Giving way before them, Roger darted back behind the table. He was at his wits' end for a sound course to pursue, and could think of nothing but an attempt to exert his authority. If he could succeed in that it might save him for the moment. He would then at least have a chance of destroying the all-important diary, and perhaps be able to escape from Paris before on a joint information laid by Fouché and Lucette a warrant was issued for his arrest. Pulling the order for Lucette's transportation from his pocket, he waved it in the faces of the advancing soldiers and cried:
"Touch me if you dare! I am the agent of Citizen Director Barras. Here is my warrant Your own officer charged you to obey my orders. They are that you arrest Citizen Fouché and this woman."
Fouché's shouts had attracted several people. As they came running up behind the soldiers he slammed and bolted the door to keep them out. Turning, he hurried back into the centre of the room. His friend the Corporal gave him an anxious look, and asked eagerly:
"What's bin 'appenin', Citizen? I saw 'im attack yer! 'E'd no right ter do that, even if 'e is a police agent What d'yer want us ter do?"
"Ignore his orders and accept mine," replied Fouché promptly. "What I have long believed the Citoyenne Remy here has now confirmed. He is an English spy."
"Sacre" bleu!’ exclaimed the Corporal. "An English spy! An' 'e's an aristo ter boot or my name's not Jacques Peltier. ‘E 'as both the looks an' the smell o' one."
"You have been told a lie," Roger cut in sharply. "I am neither. This absurd charge is based upon my having been abroad on a secret mission which occupied me for many months after 9th Thermidor. Before that I was a member of the Paris Commune. As a Citizen Commissioner from its founding mere are thousands of people in Paris who can vouch for my identity and my patriotism."
"That's true, that is," nodded a tall guardsman with ginger hair. "I knew 'im by sight before that too, when I were a pot-man in the Jacobin Club. I 'eard 'im speak there against our going to war over the Spanish Treaty."
"Yes," supplemented one of the others, a thick-set man with a swarthy face. ‘I thought I recognized him, and I do now."
"Don't be taken in by that," snapped Fouché "He has acted as one of Pitt's agents from the beginning.

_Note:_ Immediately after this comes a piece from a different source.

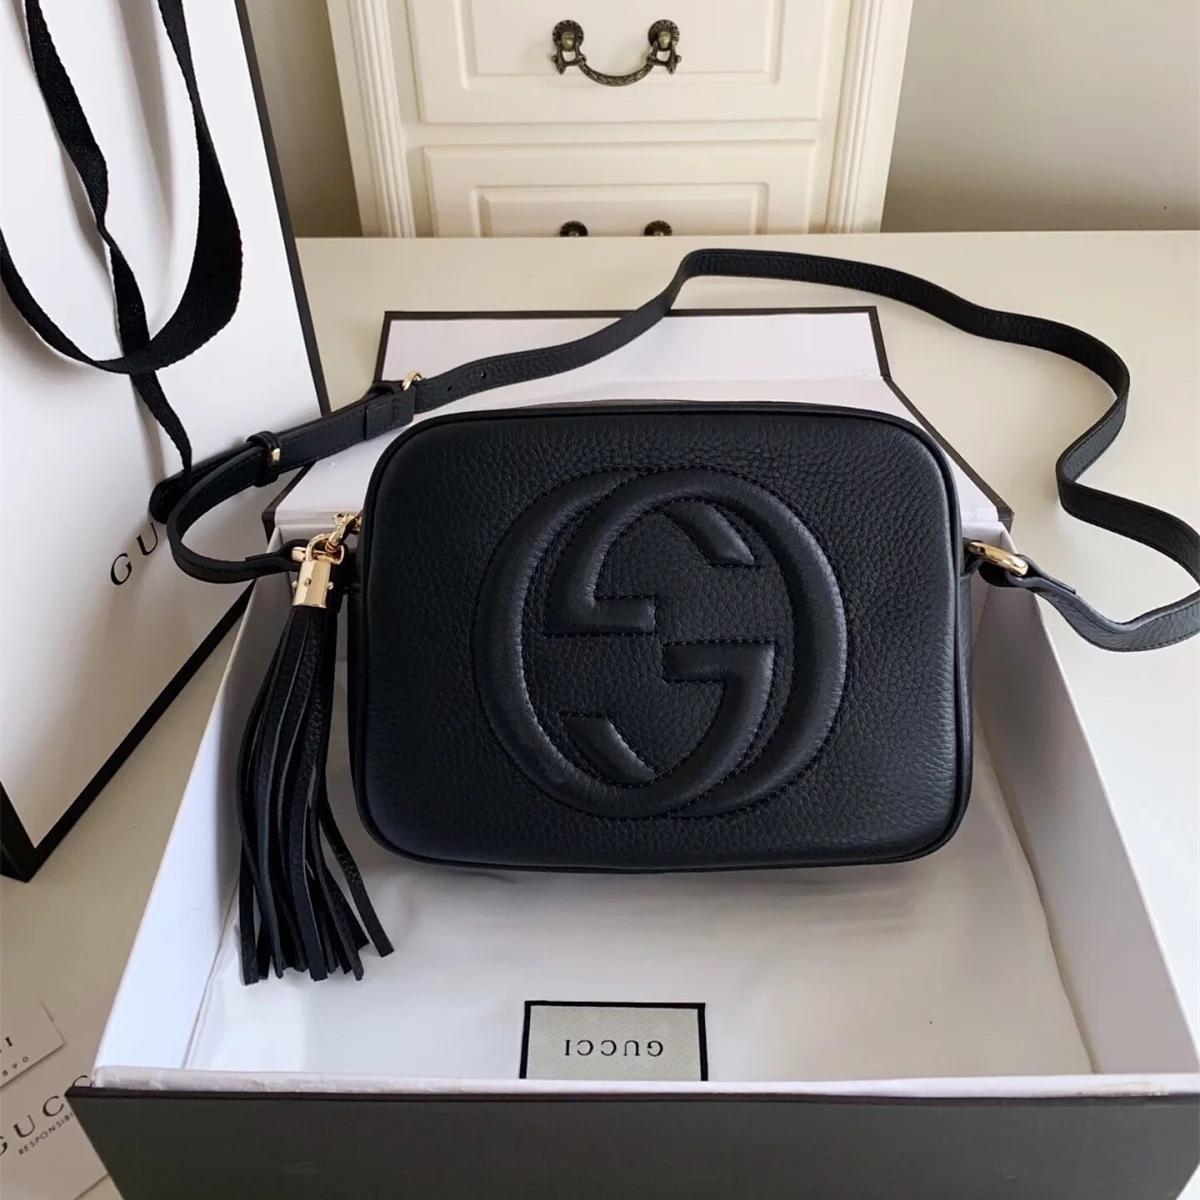 Designer bolsas SOHO DISCO Bag Genuine borla couro zipper Bolsas de ombro mulheres saco Crossbody Designer bolsa 308364 A2

For years past he has consistently betrayed us. He is the son of an English Admiral and his name is Brook."
"You lie!" retorted Roger. "This is a plot by which you are attempting to evade arrest."
"It is the truth, as the Citoyenne Remy can confirm."
"I do!" shrilled Lucette, turning to the soldiers. "He is an English milor. I was for a week with him last year in an English ship."
"You are mistaken," said Roger firmly. "I have a cousin named Robert MacElfic who much resembles me. It was him you must have met."
She gave a harsh laugh. "That lie will not serve you. Citizen Fouché is right. You are an Englishman and a spy. I will swear to that with my dying breath."
"You see!" added Fouché triumphantly. "He admits to having English relatives. He admits, too, to having been abroad at the time the Citoyenne Remy says she met him. What more do you require?"